Since it's impossible to scientifically observe someone's personal, conscious experience, even if we can see some of what it looks like in the brain,. Tononi crafted his theory by working backwards from the few things that seem to be universally true about consciousness. For one, we know that it's subjective, meaning that you are the only person having your conscious experience.

No one else can step in and experience what the world is like for you. Second, we know that the experience of consciousness is “unified,” meaning it can't be split into pieces. Like, you are one thing; you cannot willfully split your sense of self into two selves.

You also can't, say, decide to only process certain kinds of information. You can't wake up tomorrow and decide you're only gonna see the color blue, or only smell nice things. Although I think that would be a handy skill.

Tononi took these observations as starting points, along with the assumption that consciousness somehow comes from our web of interconnected neurons. Then he proposed that consciousness comes from the amount of interconnectedness in a system, or, in his words, the amount of integrated information. IIT suggests that, essentially, the whole of all your neurons working together amounts to more than the sum of its parts.

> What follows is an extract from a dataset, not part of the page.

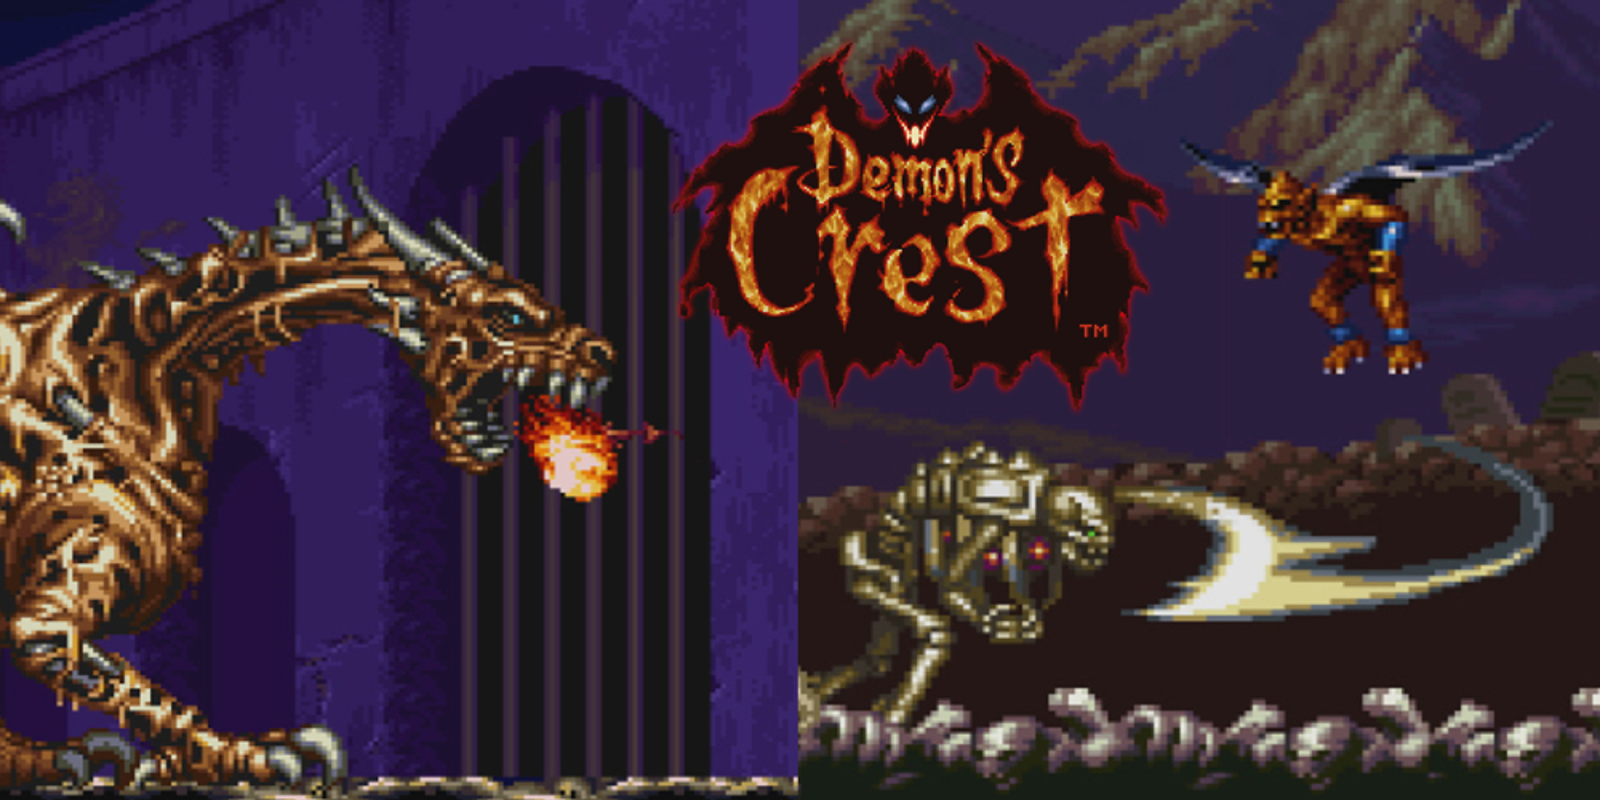 Resultado de imagen para demon's crest

So, connected neurons can create an experience that individual ones cannot. Again, not everyone is on board with this idea, and testing is still in an early stage. But researchers have done some preliminary experiments that compare the amount of connectivity in a brain to a person's level of consciousness.

For example, in one study, Tononi and his collaborators rounded up 11 volunteers and used a magnetic pulse to deliver a burst of stimulation to neurons in their brains. Then, they used sensors on the scalp to measure the amount of activity that pulse produced. Next, they sedated the subjects and performed the same experiment.

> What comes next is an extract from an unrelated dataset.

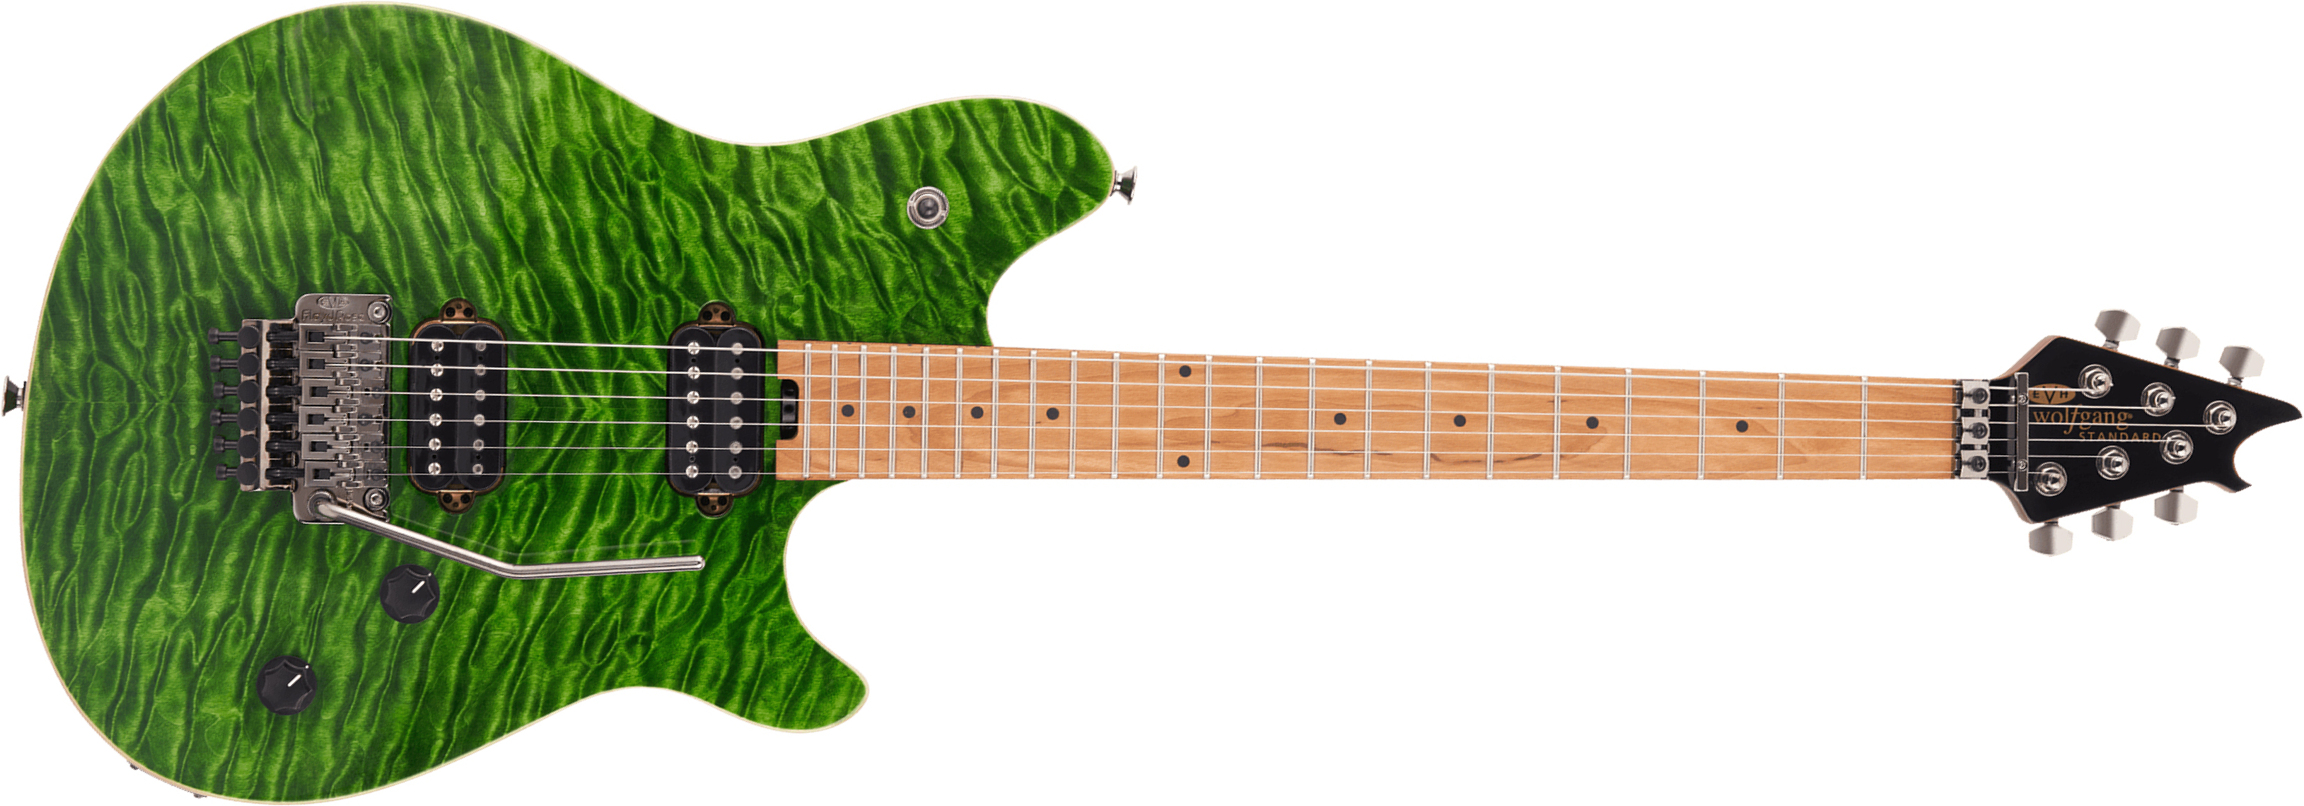 Evh Wolfgang Wg Standard Qm 2h  Fr Mn - Transparent Green - Metalen elektrische gitaar - Main picture

The second time around, the pulse produced much less activity, suggesting that there were fewer connections between neurons, so that triggering one group of them didn't set off the same chain reaction that it had the first time around. It's still not possible to directly measure the amount of connectivity in the human brain, but experiments like this can serve as a decent proxy; a way of figuring out if there really is a link between integration and consciousness. If there is, that implies that consciousness exists on a spectrum.

And when you play this theory out, it implies that not only could machines become conscious, but everything with any amount of interconnected information, from a wasp to the internet, might already be a little bit conscious. Like the Global Workspace Theory, IIT doesn't yet provide any kind of satisfying answer to the problem of consciousness, and the consequences also seriously challenge things we instinctively believe to be true about the world. So if it's true, we might have to think a little harder about how we interact with things.

Still, the idea of measuring interconnectedness provides a path for exploring consciousness scientifically. And, like with the Global Workspace Theory, that is what makes this idea stand out. These hypotheses are still works in progress, but if either one proves true, it could help us figure what has consciousness and what does not.

Like, if IIT is right, measuring the amount of interconnectedness in a brain could help doctors and scientists decide how conscious a coma patient is. Or it could help future computer scientists answer those same questions about artificial intelligence programs. On the other hand, if the Global Workspace Theory ends up being right, and if scientists can identify that workspace, the fancam of the brain, doctors could look for activity in that region to see if a patient has any signs of consciousness.

So far, neither one of those ideas is developed enough to be useful in any practical sense, so for now, there's no foolproof way to identify consciousness. And until we understand how it arises, we probably won't be able to say what has it or not, either. But the fact that we are conscious means we're going to keep being curious, and scientists are gonna keep looking, as long as the problem is unsolved.